More than a few civil marriage commissioners--Saskatchewan’s Orville Nichols is merely the latest--are being forced to leave the public service because they’re unwilling to perform same-sex marriage. Fair enough, you say; that’s the law of the land, and if they don’t like it, tough. But the net effect is to push “traditional morality” out of the precincts of the state and to entrench the new gay commissars as a privileged class at the heart of society. Nor will it stop with civil officials. Religious bodies--those famous “exemptions” from the national imposition of same-sex marriage--are already being pressurized to get with the program.
I was at a big showbiz gathering the other day and got into a chat with a famous gay who suddenly embarked on a magnificent rant about how all these dreary political activists were completely ruining homosexuality. I wound up agreeing with him. “If Cole Porter came back today, he’d be straight,” I said. Who are the real “transgressives” here? Surely not Miss Shemale World, with her concrete cleavage sponsored by the Greater Toronto Chamber of Commerce. Meanwhile, you can’t read the relevant portions of Romans on a Canadian radio show, because the sensitivities of three million evangelicals count for less than those of a handful of gay activists.
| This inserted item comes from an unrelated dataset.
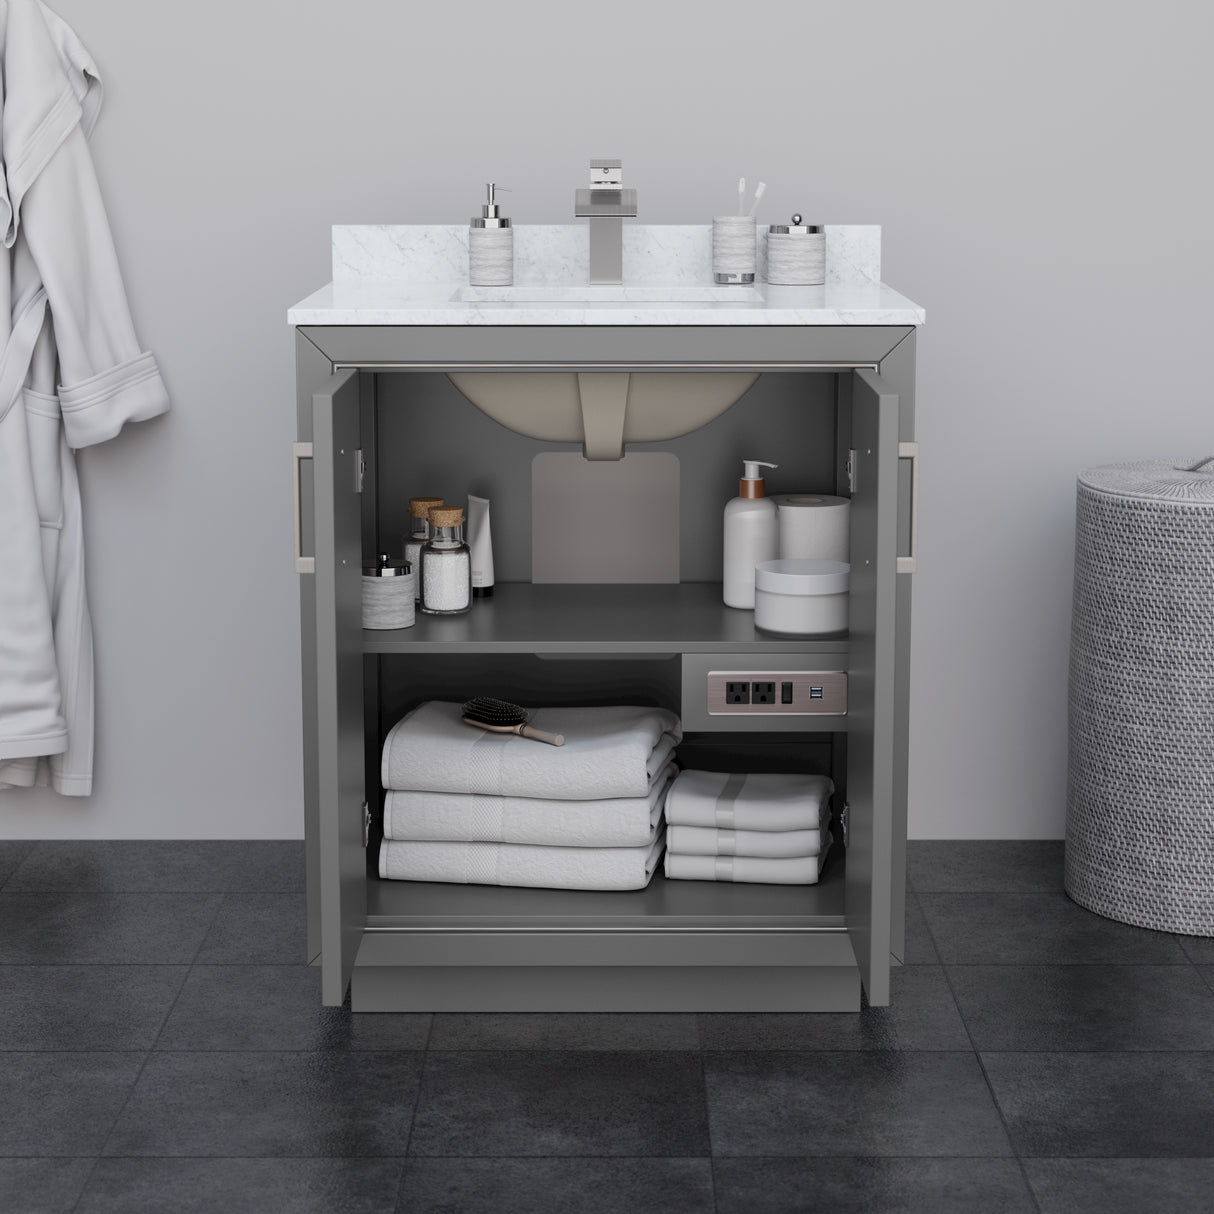 Icon 30 Inch Single Bathroom Vanity in Dark Gray No Countertop No Sink Brushed Nickel Trim 24 Inch Mirror

Sad to say, but Miss Shemale World is a better emblem of our nation than we think. Much of the western world has chosen to prioritize what one might regard as the secondary impulses of society--personal gratification, government health care, paid vacations, etc.--at the expense of the primary ones--national defence, family, faith. I would doubt whether secondary-impulse societies such as Canada can survive beyond a generation or two, if that--because, in the end, the primal impulses are the ones that count. Men are from Mars, women are from Venus, and we in the Shemale Nation are Martians who think we can cross-dress as Venusians and everything will be alright.